(GIVEN MATERIAL)

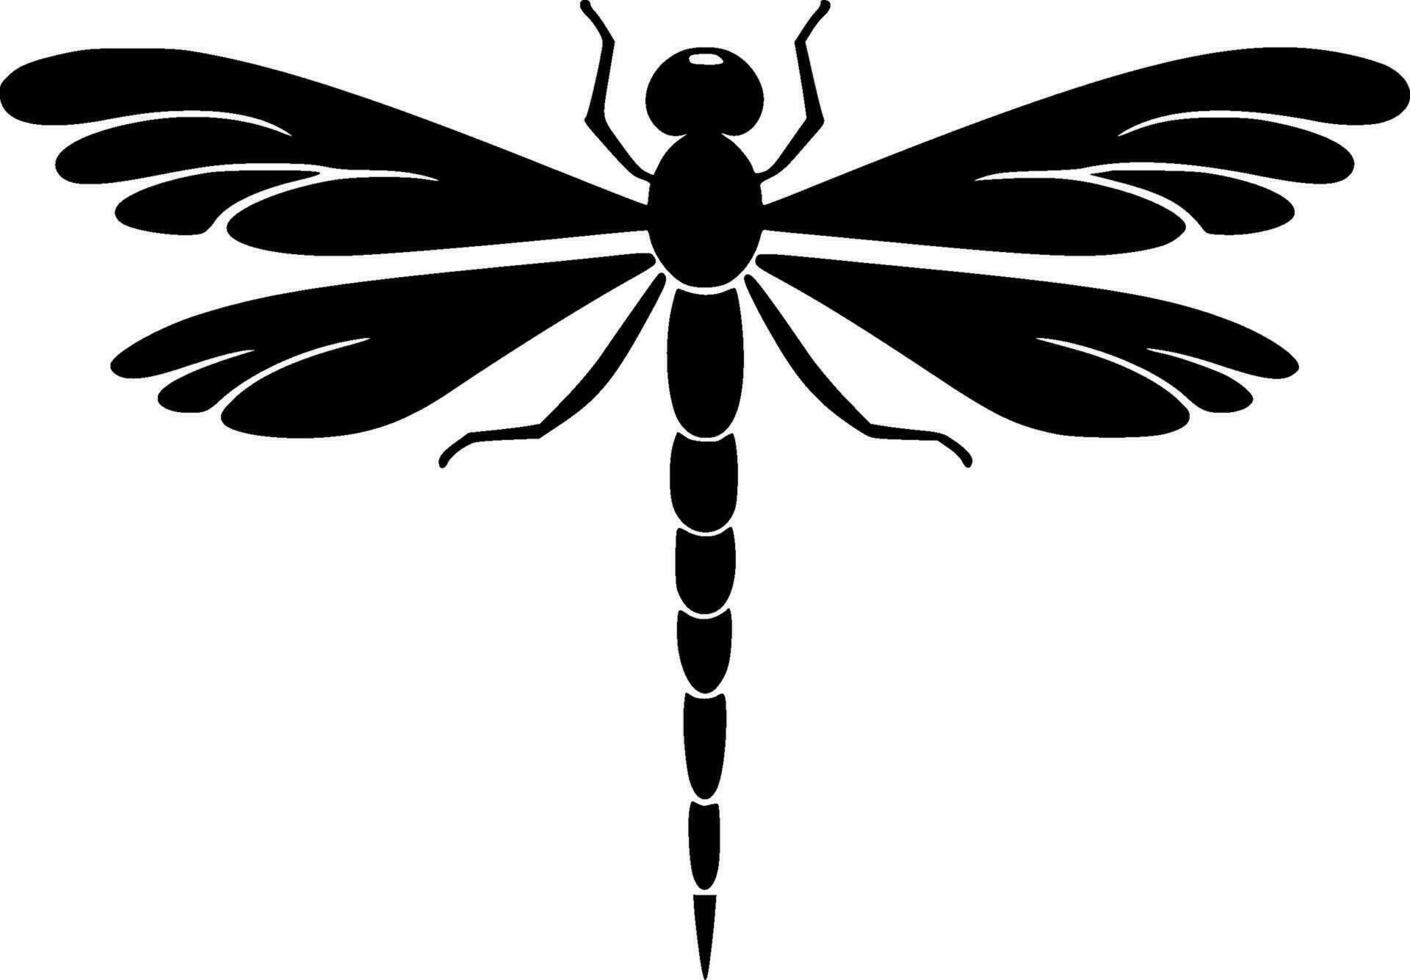 libélula - negro y blanco aislado icono - vector ilustración
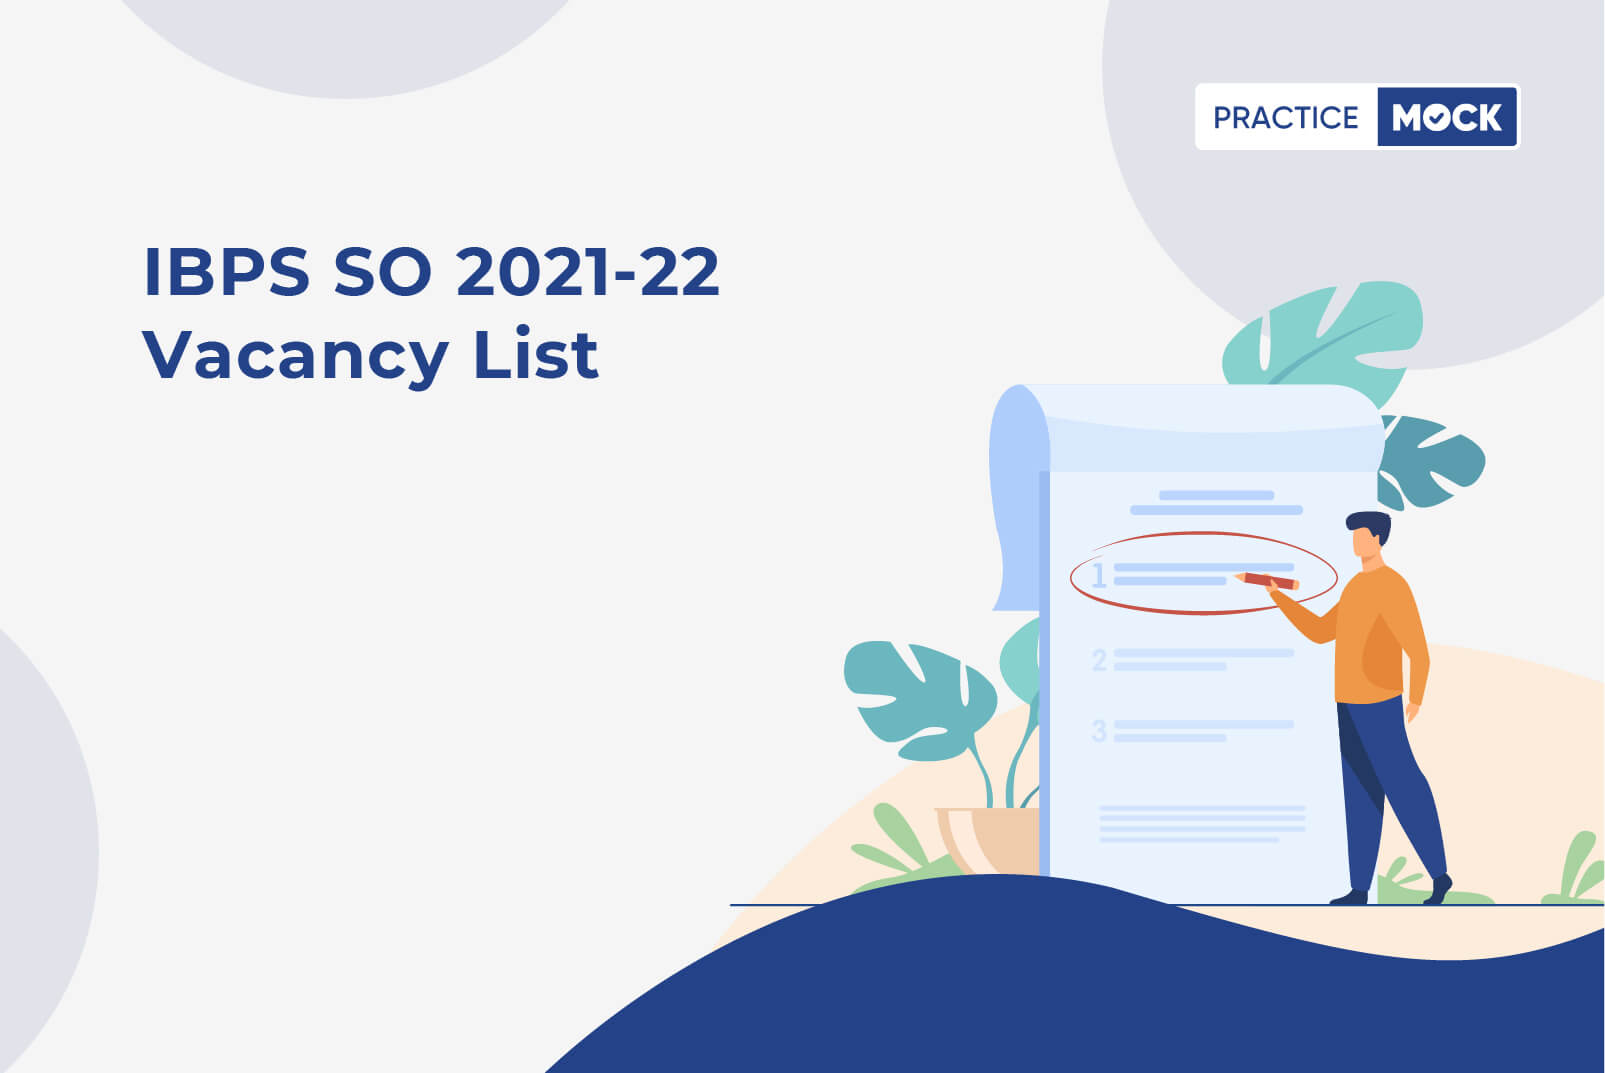 IBPS SO Vacancy List 2021-22
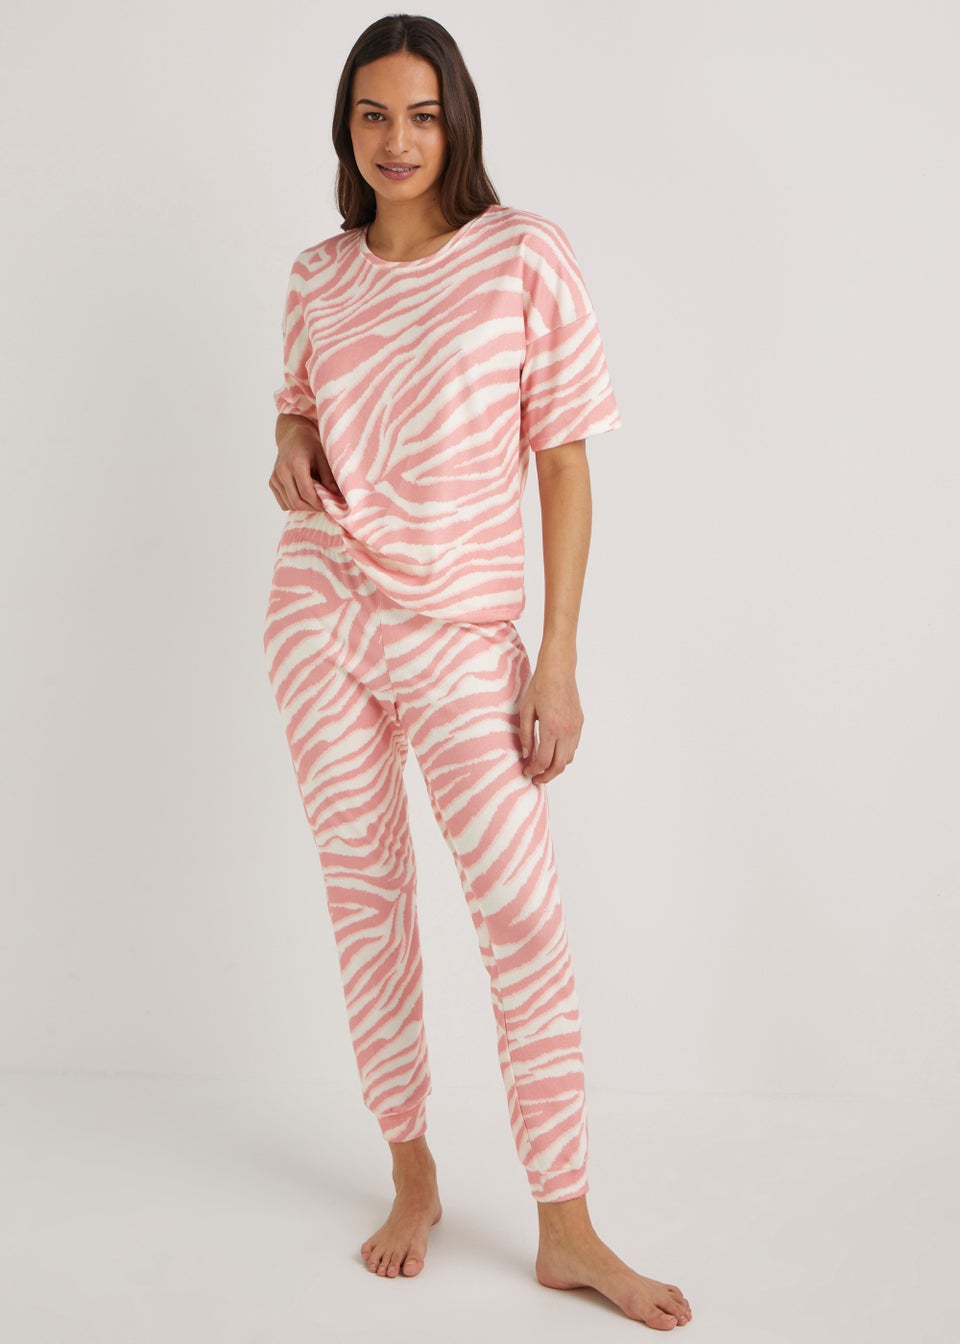 Pink Zebra Print Pyjama Set

(End GIVEN MATERIAL)

▸ TASK BRIEF: Print the preceding material over again exactly. Please leave the pictures out.

▸ YOUR SOLUTION:
 libélula - negro y blanco aislado icono - vector ilustración
 IBPS SO Vacancy List 2021-22
 Pink Zebra Print Pyjama Set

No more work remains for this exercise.